Task – Repeat the listing that follows, character for character, minus the pictures.

Dataset excerpt –
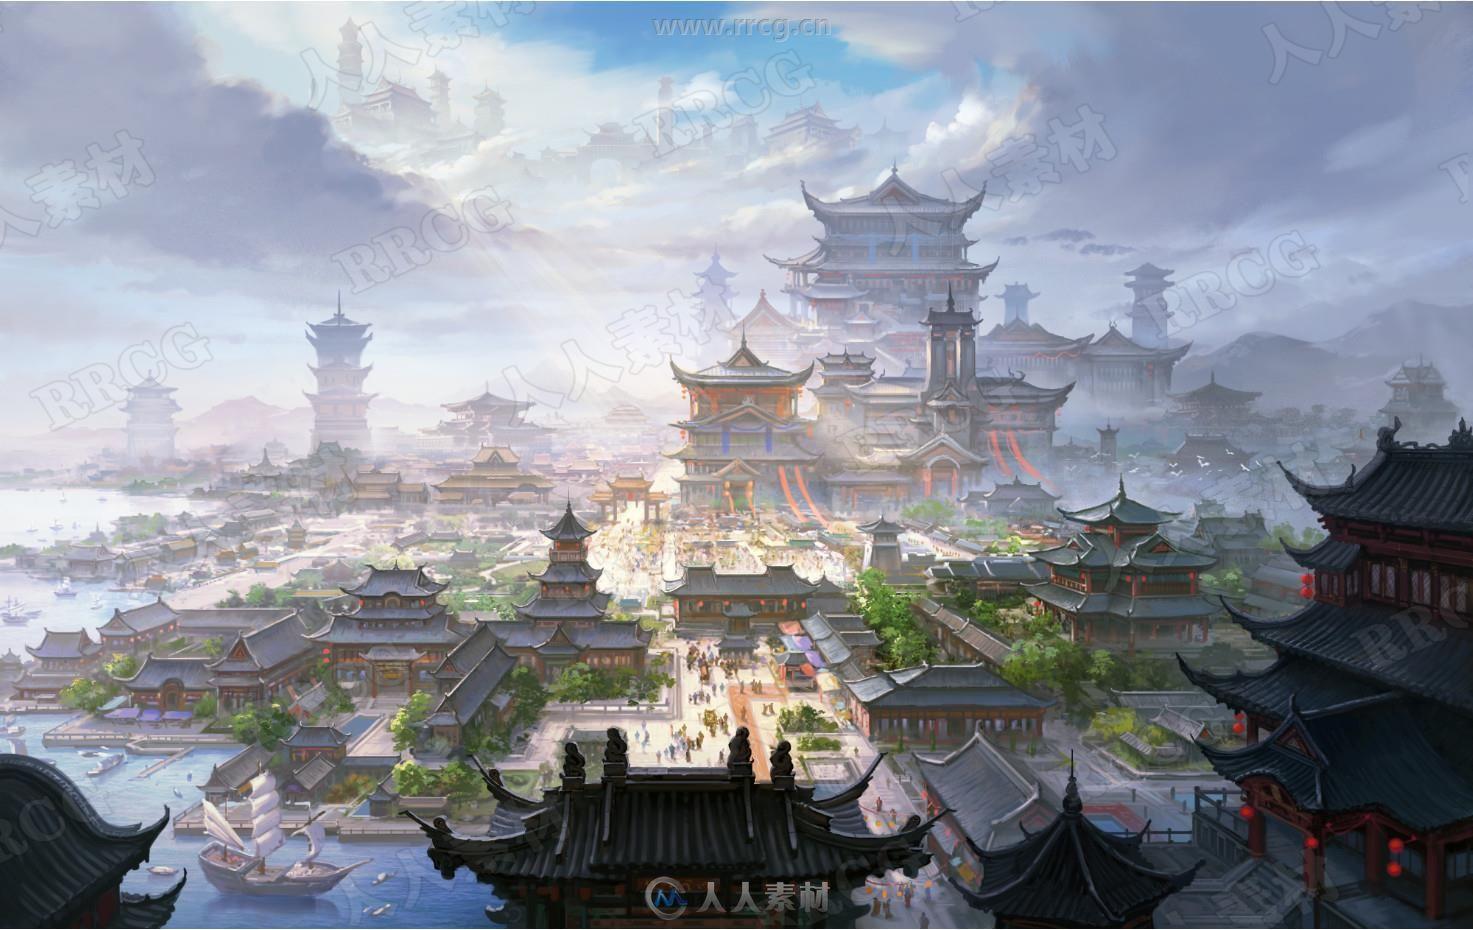 古风传统建筑山水风景游戏场景原画集
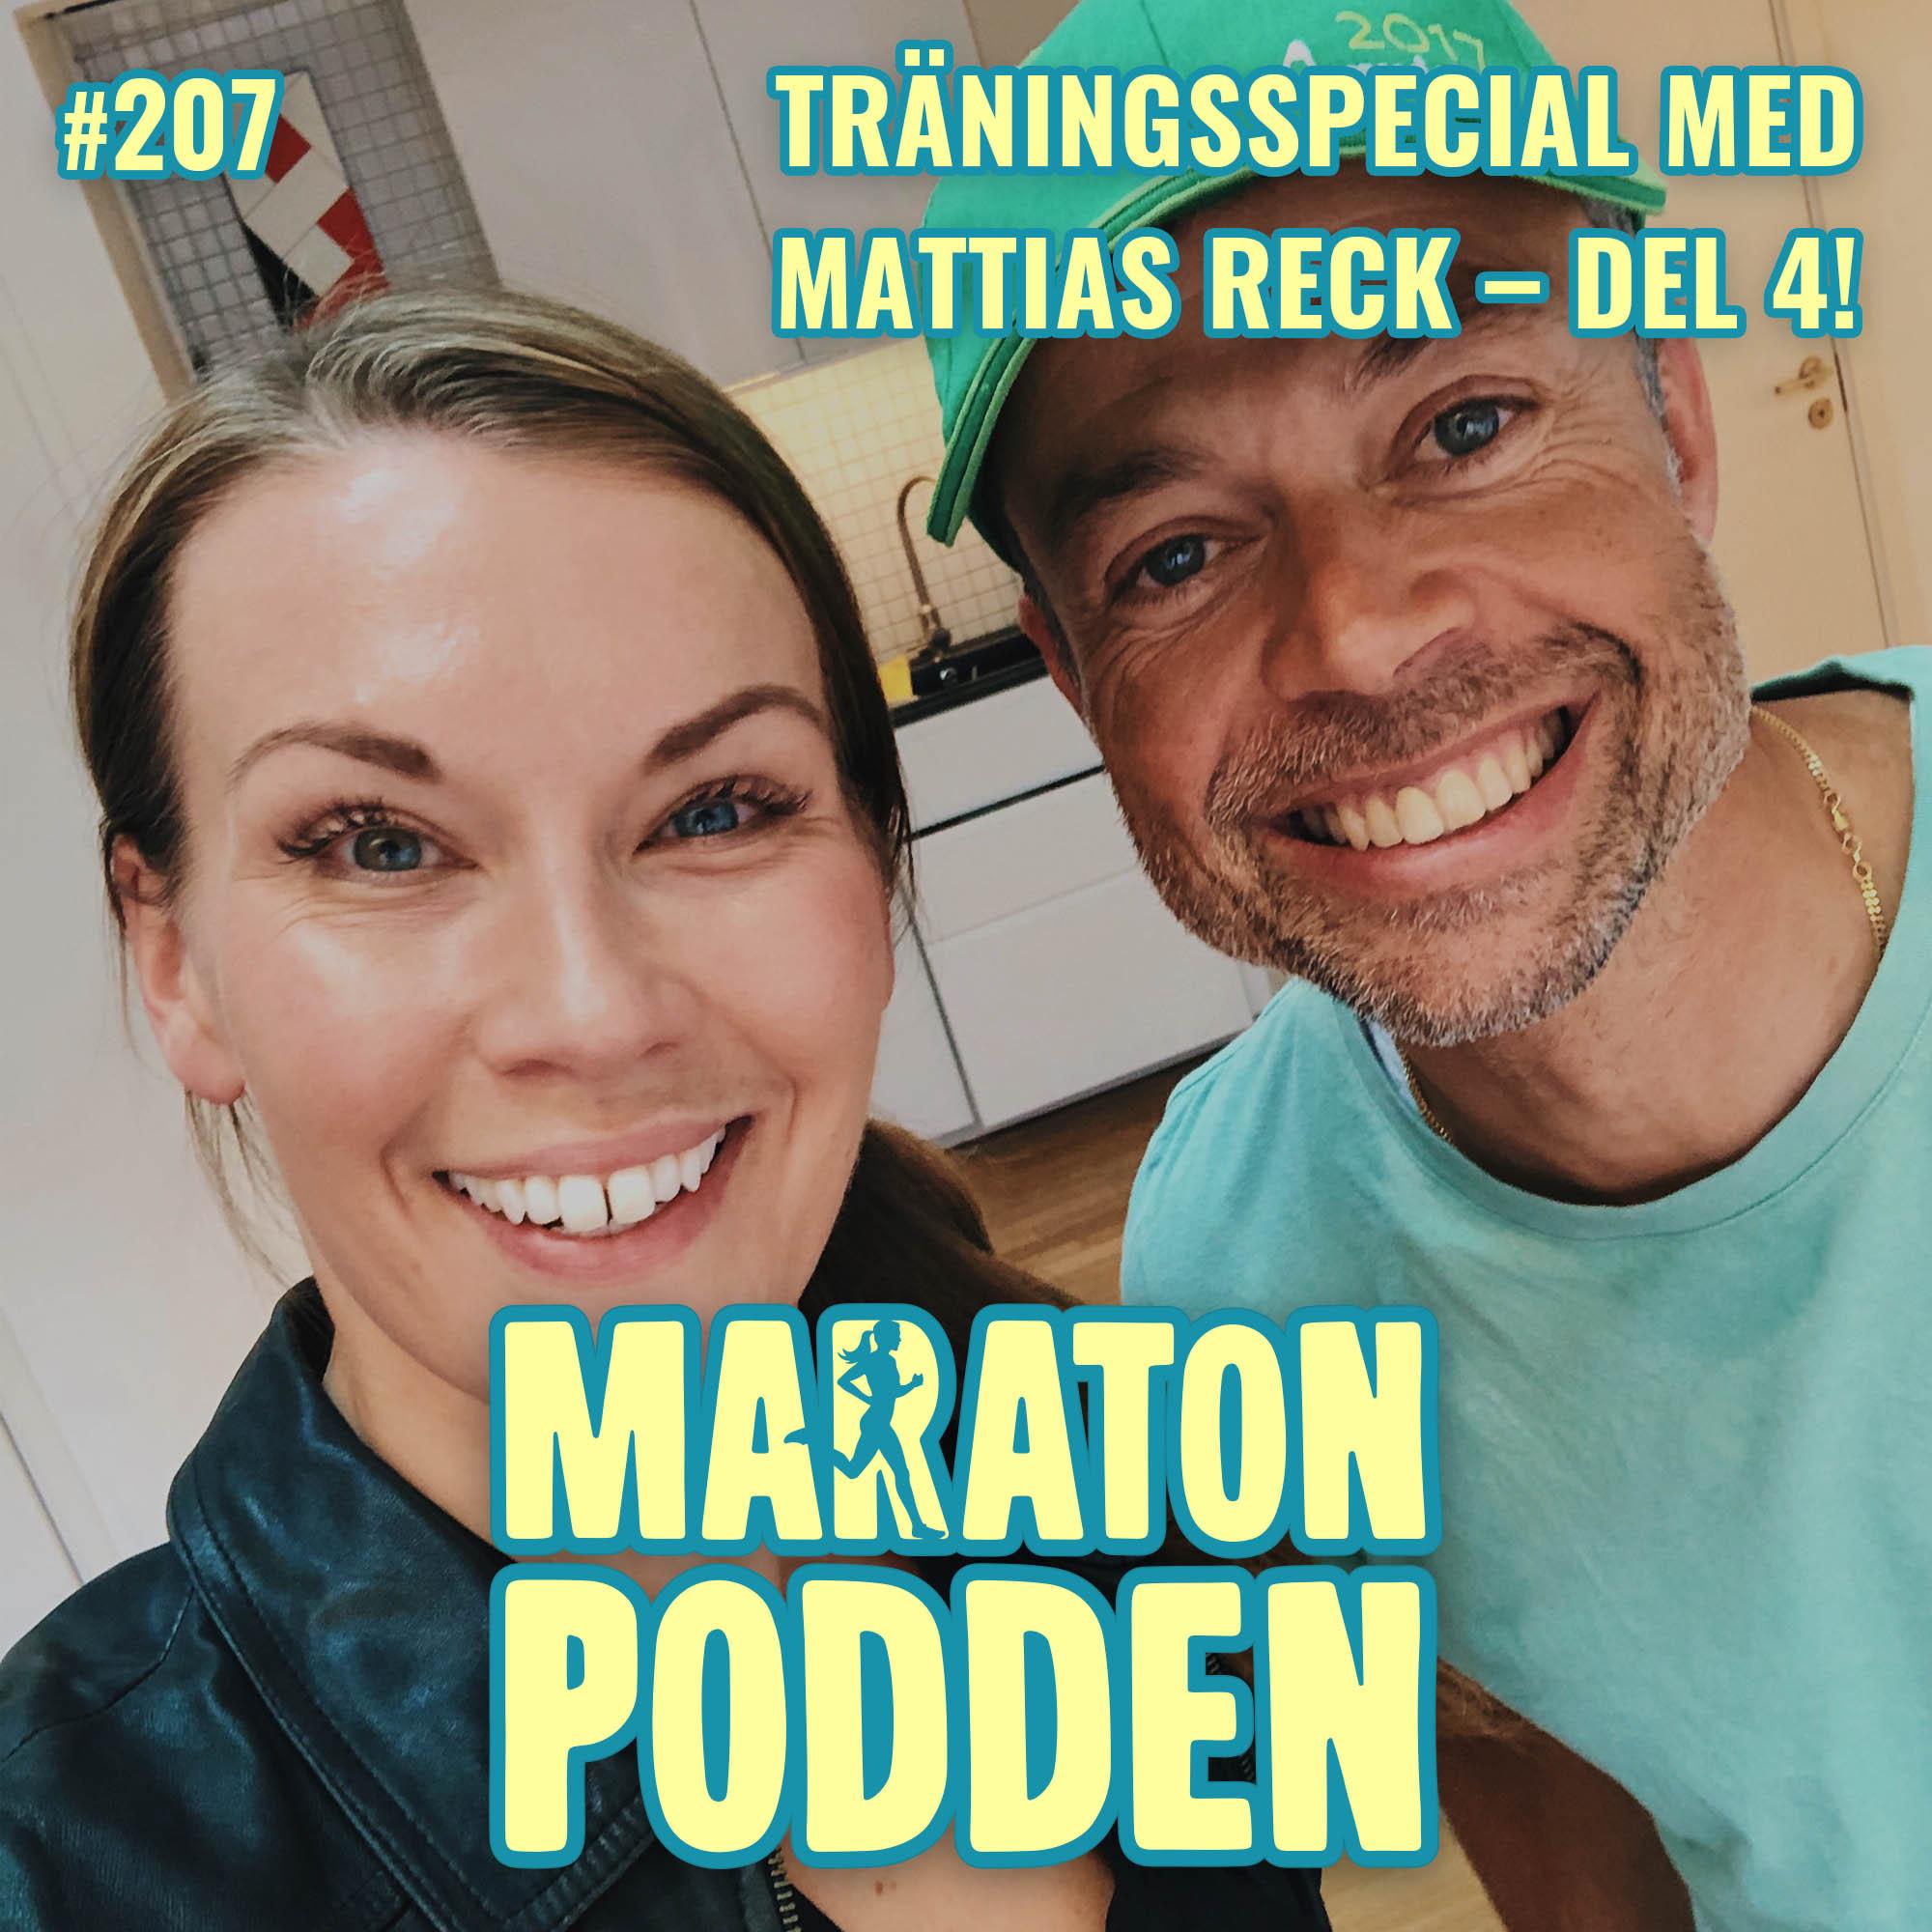 #207: Träningsspecial med Mattias Reck – sista delen!
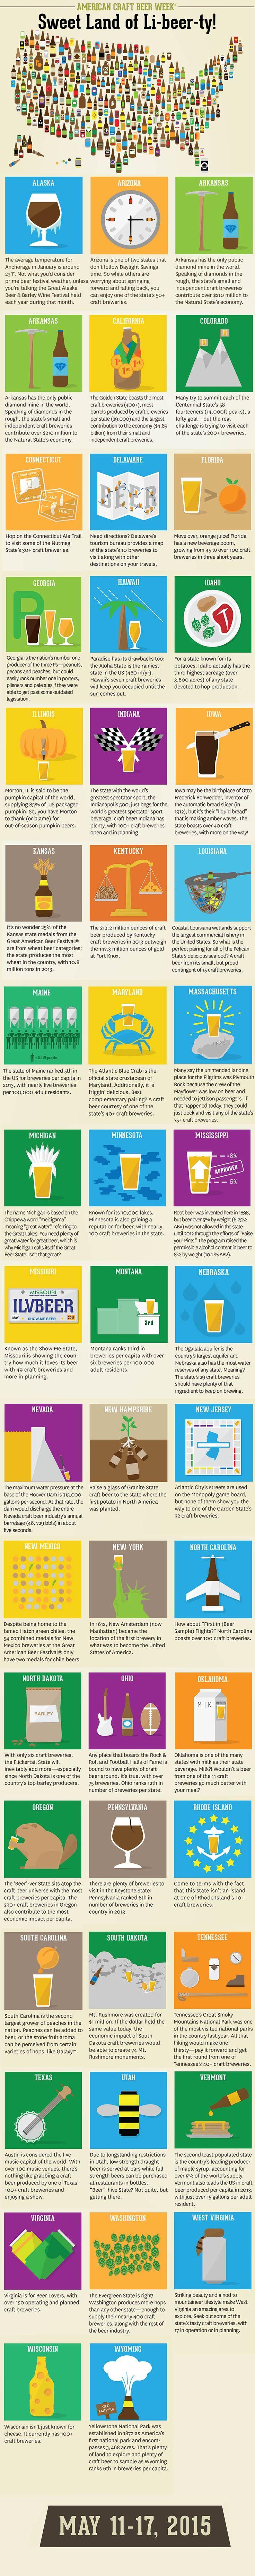 Celebrate American Craft Beer Week!   Craftbeer.com

Response area –
 古风传统建筑山水风景游戏场景原画集
 #207: Träningsspecial med Mattias Reck – sista delen!
 Celebrate American Craft Beer Week!   Craftbeer.com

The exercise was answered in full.